KALBİMDE ÇARPINTI BAŞLADI
27 yaşındayım üniversite mezunu atama bekleyen bir bireyim ailemle yaşıyorum. Şuna çalışmıyorum atama mücadelesinin içerisindeyim. 9 ay kadar önce kanepede uzanırken aniden kalbimde bir defa yüksek bir atım oldu ve ardından çarpıntı başladı acil servise koştum. EKG, kan bir sonuç çıkmadı kardiyologlara gittim bütün EKG, eko, kan, holter cihazı takıldı ve kalbimde sorum olmadığı söylendi ama 9 aydır çarpıntı geçmedi. En son ki kardiyolog D, b12 vitamini, Concor 5mg yarım şeklinde kullan bir kutu ve bırak dedi ama çarpıntı şikayetim kullanırken ve ilaçların bitmesine rağmen geçmedi geleceğe yönelik kaygılar duyuyorum. Evlilik, atanamama gibi bunun sonucunda mı çarpıntım oluyor? Çarpıntı sorunundan nasıl kurtulabilirim? Teşekkür ederim.

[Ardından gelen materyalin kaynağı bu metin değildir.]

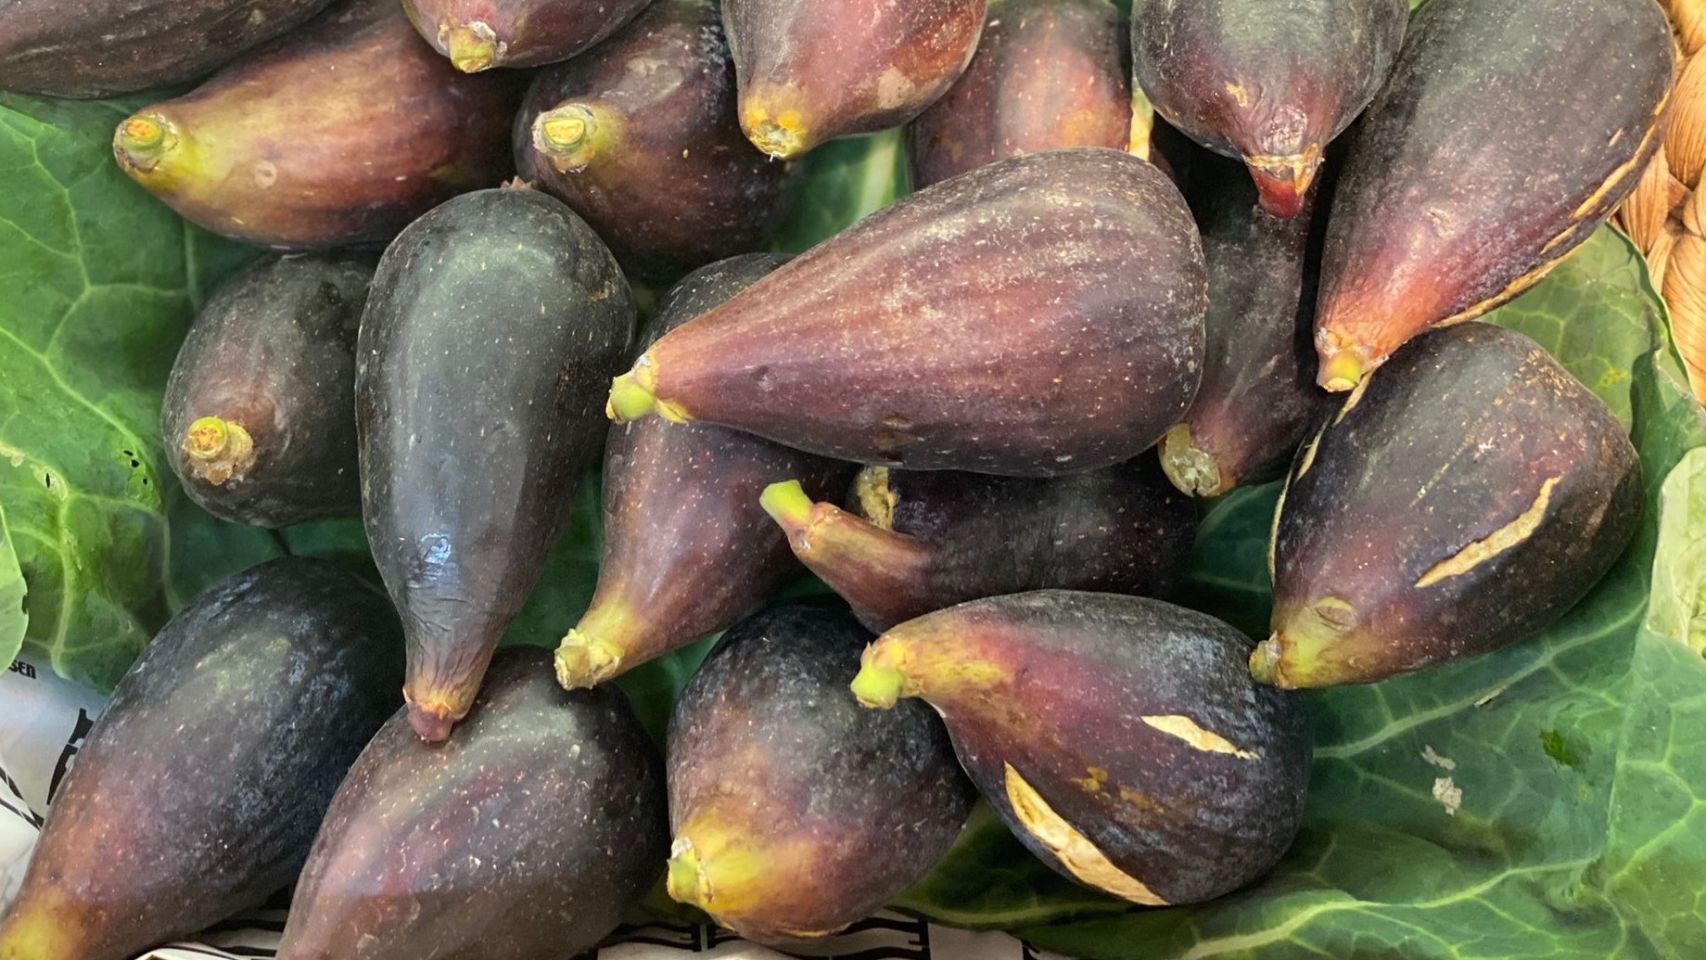 Los higos son una de las frutas en perfecta época para su consumo. Fuente: La Tienda de Lino

Panik Atak mı, Kalp Krizi mi?
Ben sürekli kalp krizi hakkında videolar izliyorum ve bir süre sonra bilinçaltıma işleyip panik atak oluyorum. Nefes alamıyorum, midem bulanıyor, bağırsaklarım deli gibi çalışmaya başlıyor. Tansiyonum 16/13’e çıktı daha da panik oldum. Bu sefer beyin kanaması geçireceğim sandım nasıl kurtulacağım ben bu hastalıktan doktor çare mi? Doktora gitsem kırmızı reçete ilaç yazarsa sıkıntı olur mu?

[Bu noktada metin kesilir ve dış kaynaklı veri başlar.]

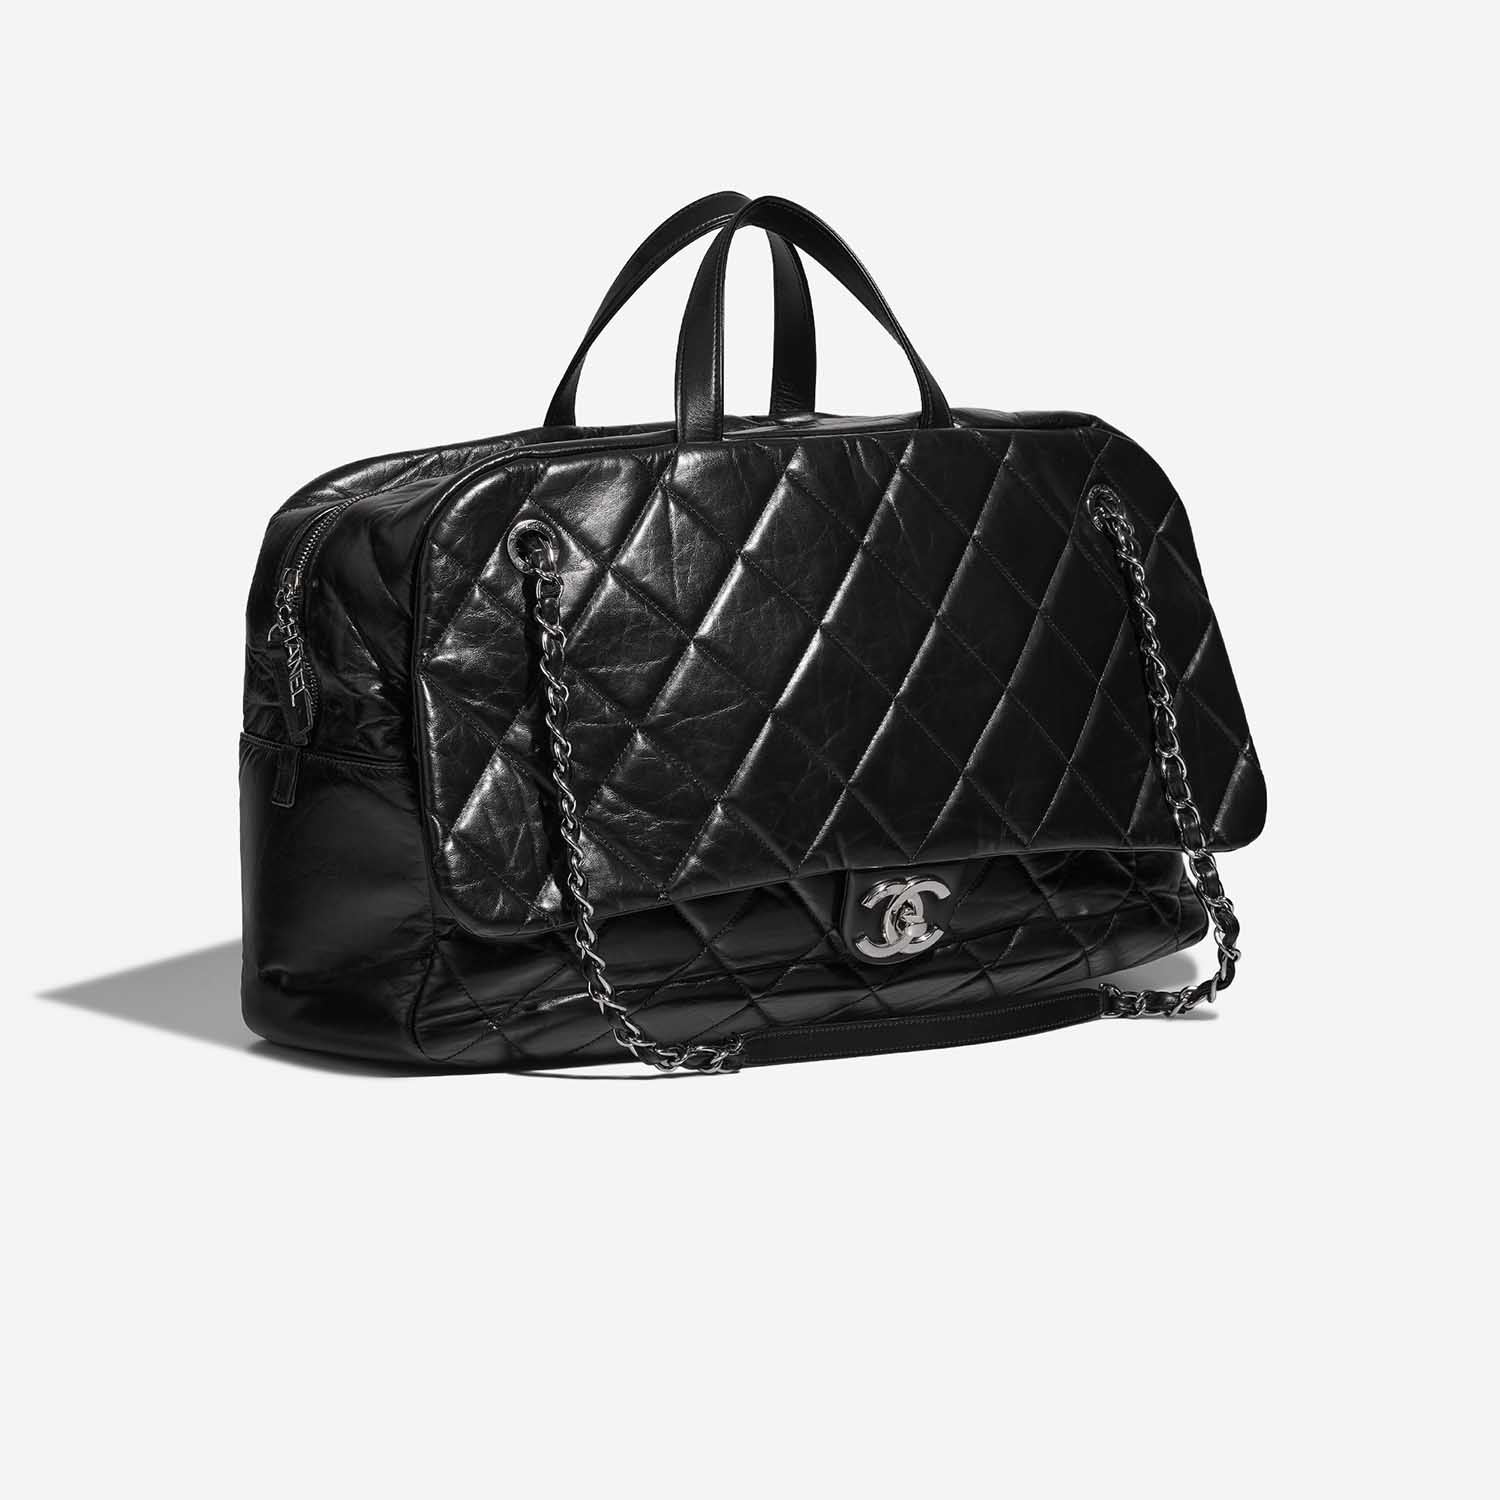 Chanel ExpressBowling Black Side Front | Verkaufen Sie Ihre Designer-Tasche auf Saclab.com

Gerçekten Şansı Yok Mudur?
Merhabalar ;
Annem 15 yıl önce bypass oldu ve 4 damarı değişti. Bypass tan 7 yıl kadar sonra damarları tekrar tıkandı, kalp krizi geçirdi ve stent takıldı. Bypass tan sonra tam 11 kez anjiyo yapıldı, son yapılanda stentleri değiştirdiler. Doktoru artık şansı olmadığını ve damarların çok inceldiğini söyledi. Son işlemden sonra annemin göğüs ve kol ağrısı geçmiyor. Şeker ve tansiyon hastası aynı zamanda. Size nasıl ulaşırız ne yapmalıyız gerçekten şansı yok mudur? İzmir’de ikamet ediyoruz gel derseniz gelebiliriz. Geri dönüşlerinizi bekler iyi çalışmalar dilerim.
Bize Yardımcı Olabileceğinizi Söylediler
Hocam iyi günler, babamın doğuştan kalp kası büyümesi varmış. Miyektomi ameliyatı olması lazımmış. Mersinde ikamet ediyoruz Ankara ya kadar gittik ama bu ameliyatı yaptıramadık. Sizin bize yardımcı olabileceğinizi söylediler hocam.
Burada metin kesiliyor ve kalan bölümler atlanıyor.